(Records from a dataset)

--------------------------------------------------

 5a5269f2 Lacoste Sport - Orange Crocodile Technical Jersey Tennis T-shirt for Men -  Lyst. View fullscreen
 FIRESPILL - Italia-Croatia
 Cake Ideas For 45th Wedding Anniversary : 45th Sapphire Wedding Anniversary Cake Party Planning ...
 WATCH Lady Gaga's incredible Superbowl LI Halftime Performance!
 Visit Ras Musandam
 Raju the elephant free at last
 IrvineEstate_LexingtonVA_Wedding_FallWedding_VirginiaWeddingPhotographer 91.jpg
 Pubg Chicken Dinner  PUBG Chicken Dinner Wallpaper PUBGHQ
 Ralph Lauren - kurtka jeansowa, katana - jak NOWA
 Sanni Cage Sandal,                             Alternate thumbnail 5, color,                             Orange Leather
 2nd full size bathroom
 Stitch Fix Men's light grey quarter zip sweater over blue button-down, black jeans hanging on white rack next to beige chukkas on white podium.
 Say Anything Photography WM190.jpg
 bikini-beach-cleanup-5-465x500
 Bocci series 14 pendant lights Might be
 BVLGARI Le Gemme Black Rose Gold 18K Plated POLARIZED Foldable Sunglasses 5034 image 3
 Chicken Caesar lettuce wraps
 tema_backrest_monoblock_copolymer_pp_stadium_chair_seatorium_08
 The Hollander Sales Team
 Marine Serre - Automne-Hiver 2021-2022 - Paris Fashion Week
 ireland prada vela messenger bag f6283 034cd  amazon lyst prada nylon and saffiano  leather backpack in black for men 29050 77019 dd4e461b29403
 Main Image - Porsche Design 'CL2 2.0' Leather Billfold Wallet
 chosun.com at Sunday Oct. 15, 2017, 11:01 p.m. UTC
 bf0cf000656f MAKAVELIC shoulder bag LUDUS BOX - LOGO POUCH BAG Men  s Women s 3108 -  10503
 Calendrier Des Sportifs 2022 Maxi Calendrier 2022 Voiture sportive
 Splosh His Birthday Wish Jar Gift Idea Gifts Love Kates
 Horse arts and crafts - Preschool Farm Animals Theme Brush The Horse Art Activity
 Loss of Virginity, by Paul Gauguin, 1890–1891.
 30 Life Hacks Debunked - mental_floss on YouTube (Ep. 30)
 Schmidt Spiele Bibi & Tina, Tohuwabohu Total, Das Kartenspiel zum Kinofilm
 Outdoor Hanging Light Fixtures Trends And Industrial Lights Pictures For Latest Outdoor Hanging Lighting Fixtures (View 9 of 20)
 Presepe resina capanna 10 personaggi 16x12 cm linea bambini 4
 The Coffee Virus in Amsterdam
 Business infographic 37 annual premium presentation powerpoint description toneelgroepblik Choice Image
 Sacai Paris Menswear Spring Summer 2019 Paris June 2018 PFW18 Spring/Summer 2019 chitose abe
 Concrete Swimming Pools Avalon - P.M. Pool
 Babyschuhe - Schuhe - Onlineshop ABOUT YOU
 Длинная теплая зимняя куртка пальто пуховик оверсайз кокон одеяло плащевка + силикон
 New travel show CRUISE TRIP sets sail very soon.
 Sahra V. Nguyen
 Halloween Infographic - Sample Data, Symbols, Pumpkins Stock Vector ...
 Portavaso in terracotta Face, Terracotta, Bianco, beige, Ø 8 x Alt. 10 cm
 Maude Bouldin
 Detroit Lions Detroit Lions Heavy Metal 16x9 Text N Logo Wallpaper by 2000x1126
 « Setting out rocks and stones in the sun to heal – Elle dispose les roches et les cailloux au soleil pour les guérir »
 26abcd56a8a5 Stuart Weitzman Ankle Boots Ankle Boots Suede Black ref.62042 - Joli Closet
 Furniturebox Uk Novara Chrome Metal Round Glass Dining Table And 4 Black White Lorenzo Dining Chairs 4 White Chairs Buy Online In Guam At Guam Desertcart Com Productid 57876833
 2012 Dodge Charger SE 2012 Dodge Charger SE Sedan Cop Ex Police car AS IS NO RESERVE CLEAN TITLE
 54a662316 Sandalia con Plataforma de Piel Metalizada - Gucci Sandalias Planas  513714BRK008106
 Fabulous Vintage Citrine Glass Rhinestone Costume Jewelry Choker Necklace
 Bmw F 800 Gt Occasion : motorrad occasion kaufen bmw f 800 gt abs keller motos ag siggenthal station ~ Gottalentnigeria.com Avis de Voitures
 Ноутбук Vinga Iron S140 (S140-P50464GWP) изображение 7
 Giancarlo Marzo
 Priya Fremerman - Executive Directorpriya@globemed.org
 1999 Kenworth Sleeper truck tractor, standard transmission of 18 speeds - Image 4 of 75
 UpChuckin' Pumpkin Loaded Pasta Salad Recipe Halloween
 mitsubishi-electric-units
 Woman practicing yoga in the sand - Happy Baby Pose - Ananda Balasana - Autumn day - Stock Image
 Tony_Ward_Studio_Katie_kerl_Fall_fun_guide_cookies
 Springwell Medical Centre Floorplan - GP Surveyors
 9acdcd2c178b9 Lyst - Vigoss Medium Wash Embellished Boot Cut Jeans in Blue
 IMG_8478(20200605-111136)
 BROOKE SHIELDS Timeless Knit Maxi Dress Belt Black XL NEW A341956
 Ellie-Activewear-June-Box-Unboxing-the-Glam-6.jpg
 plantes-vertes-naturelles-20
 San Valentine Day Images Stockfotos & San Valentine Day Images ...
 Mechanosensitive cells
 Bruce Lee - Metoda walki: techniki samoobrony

--------------------------------------------------

▶ _ACTION ITEM_: Retype every record above exactly as it appears.

▶ _ANSWER BOX_:
 5a5269f2 Lacoste Sport - Orange Crocodile Technical Jersey Tennis T-shirt for Men -  Lyst. View fullscreen
 FIRESPILL - Italia-Croatia
 Cake Ideas For 45th Wedding Anniversary : 45th Sapphire Wedding Anniversary Cake Party Planning ...
 WATCH Lady Gaga's incredible Superbowl LI Halftime Performance!
 Visit Ras Musandam
 Raju the elephant free at last
 IrvineEstate_LexingtonVA_Wedding_FallWedding_VirginiaWeddingPhotographer 91.jpg
 Pubg Chicken Dinner  PUBG Chicken Dinner Wallpaper PUBGHQ
 Ralph Lauren - kurtka jeansowa, katana - jak NOWA
 Sanni Cage Sandal,                             Alternate thumbnail 5, color,                             Orange Leather
 2nd full size bathroom
 Stitch Fix Men's light grey quarter zip sweater over blue button-down, black jeans hanging on white rack next to beige chukkas on white podium.
 Say Anything Photography WM190.jpg
 bikini-beach-cleanup-5-465x500
 Bocci series 14 pendant lights Might be
 BVLGARI Le Gemme Black Rose Gold 18K Plated POLARIZED Foldable Sunglasses 5034 image 3
 Chicken Caesar lettuce wraps
 tema_backrest_monoblock_copolymer_pp_stadium_chair_seatorium_08
 The Hollander Sales Team
 Marine Serre - Automne-Hiver 2021-2022 - Paris Fashion Week
 ireland prada vela messenger bag f6283 034cd  amazon lyst prada nylon and saffiano  leather backpack in black for men 29050 77019 dd4e461b29403
 Main Image - Porsche Design 'CL2 2.0' Leather Billfold Wallet
 chosun.com at Sunday Oct. 15, 2017, 11:01 p.m. UTC
 bf0cf000656f MAKAVELIC shoulder bag LUDUS BOX - LOGO POUCH BAG Men  s Women s 3108 -  10503
 Calendrier Des Sportifs 2022 Maxi Calendrier 2022 Voiture sportive
 Splosh His Birthday Wish Jar Gift Idea Gifts Love Kates
 Horse arts and crafts - Preschool Farm Animals Theme Brush The Horse Art Activity
 Loss of Virginity, by Paul Gauguin, 1890–1891.
 30 Life Hacks Debunked - mental_floss on YouTube (Ep. 30)
 Schmidt Spiele Bibi & Tina, Tohuwabohu Total, Das Kartenspiel zum Kinofilm
 Outdoor Hanging Light Fixtures Trends And Industrial Lights Pictures For Latest Outdoor Hanging Lighting Fixtures (View 9 of 20)
 Presepe resina capanna 10 personaggi 16x12 cm linea bambini 4
 The Coffee Virus in Amsterdam
 Business infographic 37 annual premium presentation powerpoint description toneelgroepblik Choice Image
 Sacai Paris Menswear Spring Summer 2019 Paris June 2018 PFW18 Spring/Summer 2019 chitose abe
 Concrete Swimming Pools Avalon - P.M. Pool
 Babyschuhe - Schuhe - Onlineshop ABOUT YOU
 Длинная теплая зимняя куртка пальто пуховик оверсайз кокон одеяло плащевка + силикон
 New travel show CRUISE TRIP sets sail very soon.
 Sahra V. Nguyen
 Halloween Infographic - Sample Data, Symbols, Pumpkins Stock Vector ...
 Portavaso in terracotta Face, Terracotta, Bianco, beige, Ø 8 x Alt. 10 cm
 Maude Bouldin
 Detroit Lions Detroit Lions Heavy Metal 16x9 Text N Logo Wallpaper by 2000x1126
 « Setting out rocks and stones in the sun to heal – Elle dispose les roches et les cailloux au soleil pour les guérir »
 26abcd56a8a5 Stuart Weitzman Ankle Boots Ankle Boots Suede Black ref.62042 - Joli Closet
 Furniturebox Uk Novara Chrome Metal Round Glass Dining Table And 4 Black White Lorenzo Dining Chairs 4 White Chairs Buy Online In Guam At Guam Desertcart Com Productid 57876833
 2012 Dodge Charger SE 2012 Dodge Charger SE Sedan Cop Ex Police car AS IS NO RESERVE CLEAN TITLE
 54a662316 Sandalia con Plataforma de Piel Metalizada - Gucci Sandalias Planas  513714BRK008106
 Fabulous Vintage Citrine Glass Rhinestone Costume Jewelry Choker Necklace
 Bmw F 800 Gt Occasion : motorrad occasion kaufen bmw f 800 gt abs keller motos ag siggenthal station ~ Gottalentnigeria.com Avis de Voitures
 Ноутбук Vinga Iron S140 (S140-P50464GWP) изображение 7
 Giancarlo Marzo
 Priya Fremerman - Executive Directorpriya@globemed.org
 1999 Kenworth Sleeper truck tractor, standard transmission of 18 speeds - Image 4 of 75
 UpChuckin' Pumpkin Loaded Pasta Salad Recipe Halloween
 mitsubishi-electric-units
 Woman practicing yoga in the sand - Happy Baby Pose - Ananda Balasana - Autumn day - Stock Image
 Tony_Ward_Studio_Katie_kerl_Fall_fun_guide_cookies
 Springwell Medical Centre Floorplan - GP Surveyors
 9acdcd2c178b9 Lyst - Vigoss Medium Wash Embellished Boot Cut Jeans in Blue
 IMG_8478(20200605-111136)
 BROOKE SHIELDS Timeless Knit Maxi Dress Belt Black XL NEW A341956
 Ellie-Activewear-June-Box-Unboxing-the-Glam-6.jpg
 plantes-vertes-naturelles-20
 San Valentine Day Images Stockfotos & San Valentine Day Images ...
 Mechanosensitive cells
 Bruce Lee - Metoda walki: techniki samoobrony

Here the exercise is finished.